Van Camp began his career as an intern on the writing staff of the television series North of 60, produced by the CBC. He was also a CBC script and cultural consultant for four seasons. He has published several short story collections. Most of his work is set in the community of Fort Simmer, a fictionalization of his hometown. He has also published children's books, poetry and educational graphic novels. He worked with the Healthy Aboriginal Network to create and edit graphic novels. Van Camp's writing has been influenced by the tradition of oral storytelling. He has stated: "I need oral storytelling in my life as a listener because I'm always filtering the pauses, the slang, the rockabilly of pacing, the delivery.
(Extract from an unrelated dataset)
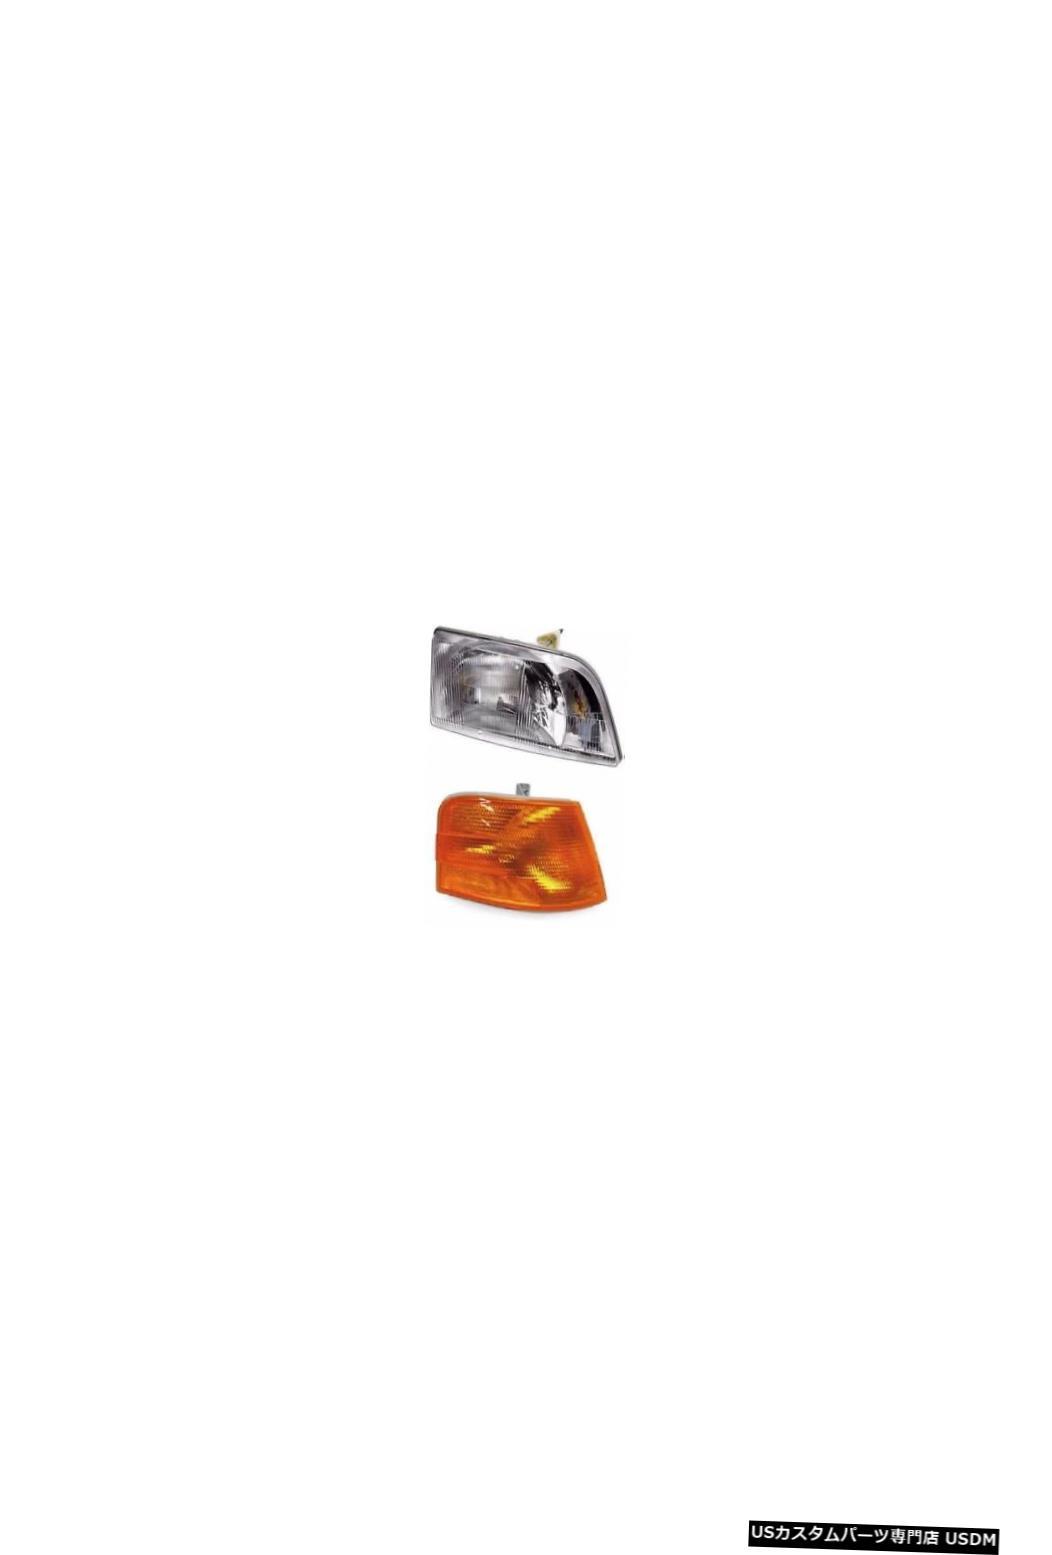 Headlight VOLVO VNL VMN 200300 1996-2003 DAYCABトラックヘッドライト、コーナーライト付き VOLVO VNL VMN 200 300 1996-2003 DAYCAB Truck Headlight with Corner RIGHT

When I listen to a master storyteller or someone just sharing a story, I'm studying how they're talking and how they're standing, and what the pitch is in their voice. I can sometimes take their techniques and put them into a story."Van Camp was the first Dogrib writer to publish a novel. At 24 he published The Lesser Blessed, which was later adapted for film and released in 2012. One of Van Camp's short stories, "Dogrib Midnight Runners", was re-imagined as a film directed by Zoe Leigh Hopkins called Mohawk Midnight Runners. The film was released in 2013 through Big Soul Productions. The story appears in Van Camp's short story collection The Moon of Letting Go (2009). In 2018, his novella When We Play Our Drums, They Sing was published alongside Monique Gray Smith's Lucy & Lola in the compilation The Journey Forward. The book was named as a shortlisted finalist for the Burt Award for First Nations, Métis and Inuit Literature. His short fiction collection, Moccasin Square Gardens, was published in 2019.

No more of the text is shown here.